Follow-up on Measuring Military Capabilities

In a previous post, I introduced a new index of military capabilities, based on data that is already widely in use (see also this Duck of Minerva post). Based on the great feedback I've received, I decided it was time to revise the measure, and to see how well it does in accounting for war outcomes and the likelihood of conflict.


Formally the revised \(M\) score for country \(i\) in year \(t\) is equal to,
\mbox{M}_{i,t}= \Pi_{i,t}q_{i,t},
where \(\Pi_{i,t}\) and \(q_{i,t}\) are discounted measures of the military personnel and quality ratios (military expenditures per troop), respectively, of country \(i\) in year \(t\).

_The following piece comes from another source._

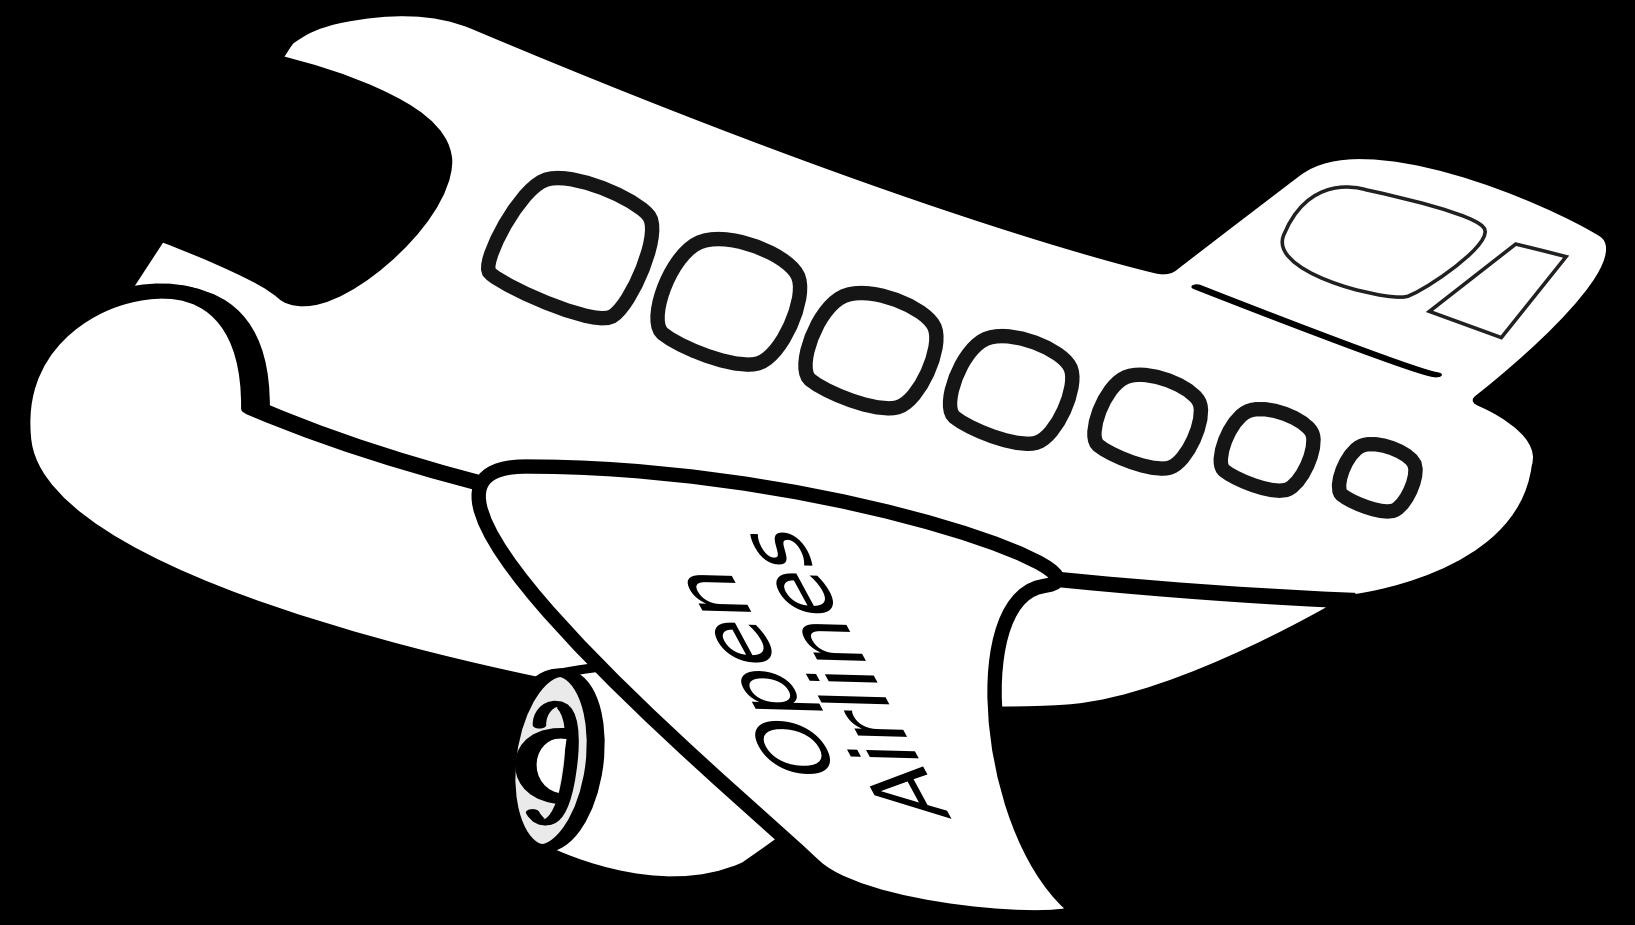 Black and white clipart aereo free stock Aereo Passeggeri Funny Airplane Black White Line Art - Clip Art ... free stock

\Pi_{i,t} = \frac{\mbox{milper}_{i,t}}{\mbox{milper}_{i,t} + \delta^\Pi_t},
where \(\mbox{milper}_{i,t}\) is the military personnel for country \(i\) in year \(t\) (taken from the CINC data) and \(\delta^\Pi_t\) is a deflator. More formally,
\delta^{\Pi}_{t} = 22^{\left((\mbox{year}-1650)/100\right)}.

This ensures that \(\delta^\Pi_t\) takes on a value that correlates quite highly with the average level of military personnel among the major powers in any given year, yet does not exhibit the fluctuations found in the actual average. Roughly speaking, it reflects an admittedly arbitrary, but perhaps reasonable, standard by which military personnel might be judged to be large or small in any given year.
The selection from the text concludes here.